Однако к делу: я хотел лишь сказать, что моя жена работает со стариками и недееспособными одиночками, но я в ее профессиональные дела никогда не лез; можно сказать, у нас такой негласный договор, который сам собой сложился изначально, как только речь зашла о совместном проживании. И лишь сегодня я, впервые в жизни попав в квартиру инвалида-колясочника, вдруг случайно узрел, с чем имеет дело на работе Вера. Какие-то поручни по стенкам, коридорные тумбы толщиной с книгу, чтоб проезжала коляска; шкафы высотой в половину обычных, чтобы дотягиваться с коляски до антресолей. В туалете рукотворная система для ссаживания с коляски на унитаз: похожа на несколько полотенцесушителей, одновременно служащих полосой препятствий для выводка сортирных гремлинов. Как будто ты попал на другую планету, где живут такие же пораженные вирусом убожества граждане СССР, только крабы.
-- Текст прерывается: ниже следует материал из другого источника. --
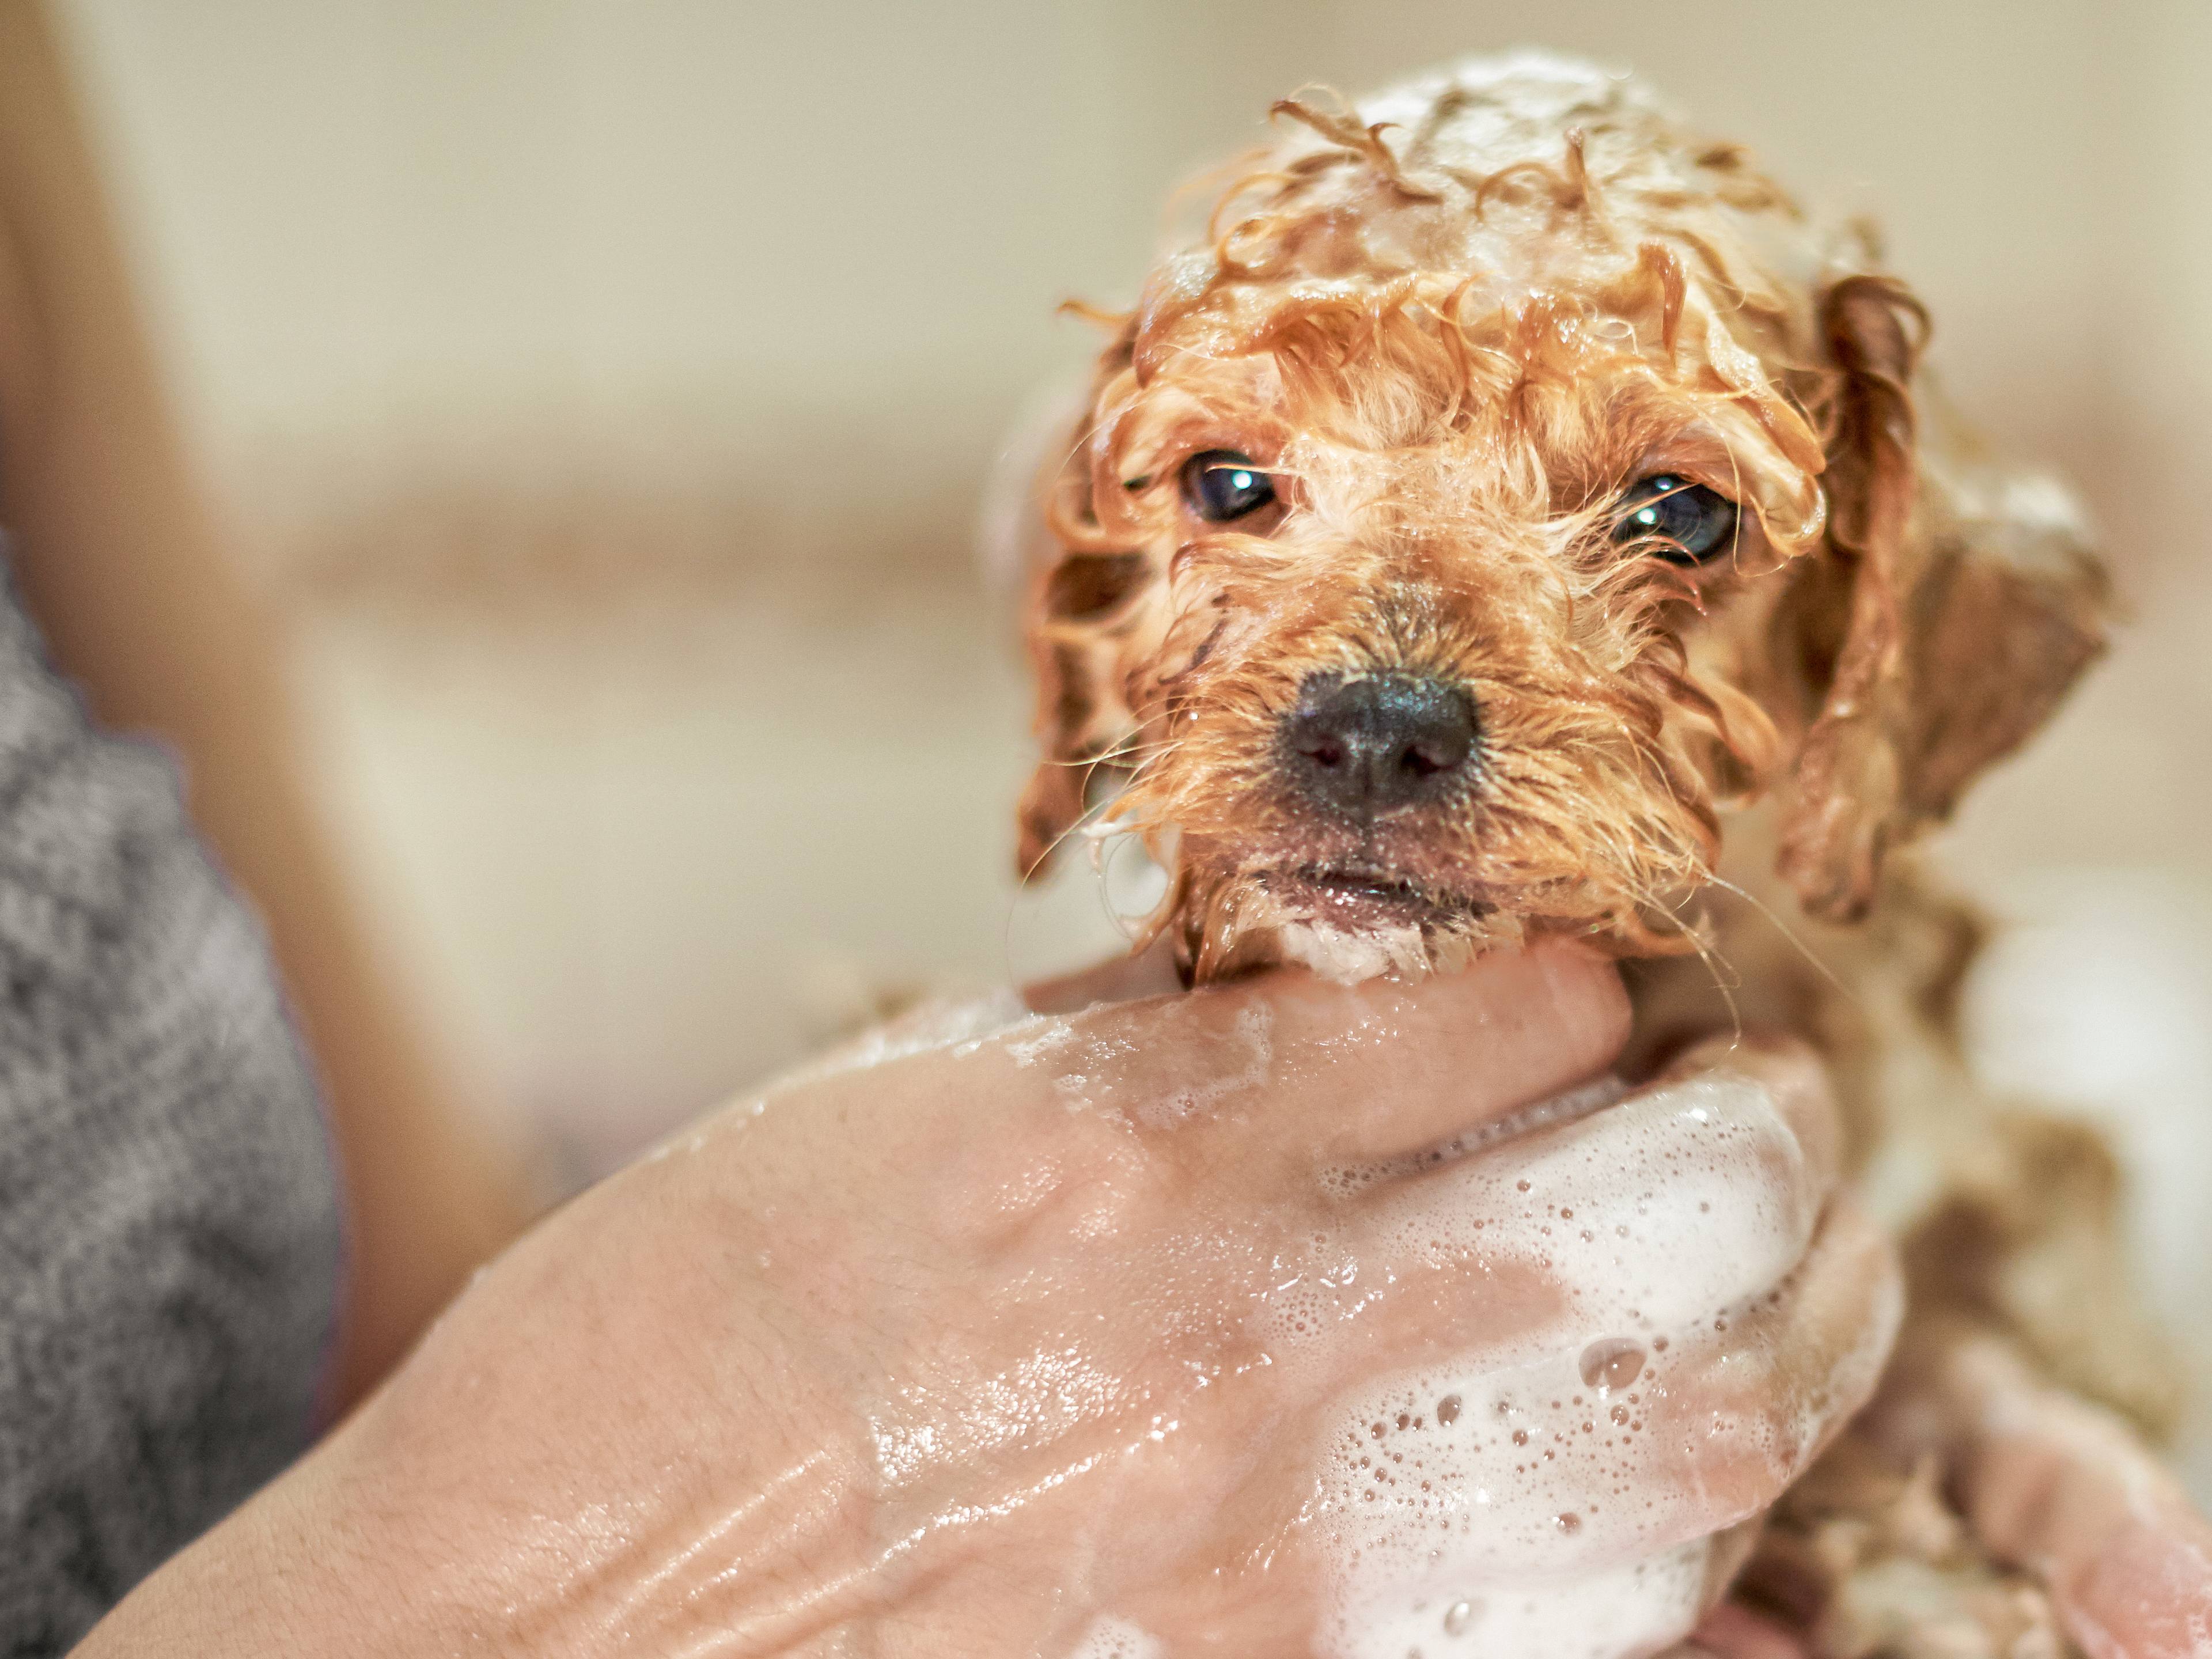 Miniature Poodle puppy being washed by owner

Уважаемый дон Палый входит в число избранных элитных трупов, в квартиры которых проведено электричество. Но свет я выключаю сразу же, как только вижу фонарик, висящий прямо в прихожей. Ни к чему привлекать федералов раньше времени; сначала надо отдышаться и выпить.

Впрочем, никакого «маккоя» я в этой крабьей норе, конечно же, не нахожу. Наоборот, в лучах фонарика вижу залежи водки и коньяка, который – в особенности дагестанский – ненавижу с детства. От одного лишь слова «Кизляр», по-кавказски нескромно кричащего с депрессивных советских этикеток, меня передергивает так, как будто я уже выпил. Фи.

Однако пути Господни неисповедимы, и желание отведать коньяку категории «Г» внезапно изъявляет моя спутница. Не ожидал, вот уж не ожидал! Но деваться некуда – я не жадничаю и наполняю граненый стакан (других здесь нет) на треть, граничащую с половиной. Она выпивает залпом. Бедняжка впервые выехала за пределы зоны свободной торговли с благородной целью – помочь отмороженному брату-деграданту. А тут такой стресс.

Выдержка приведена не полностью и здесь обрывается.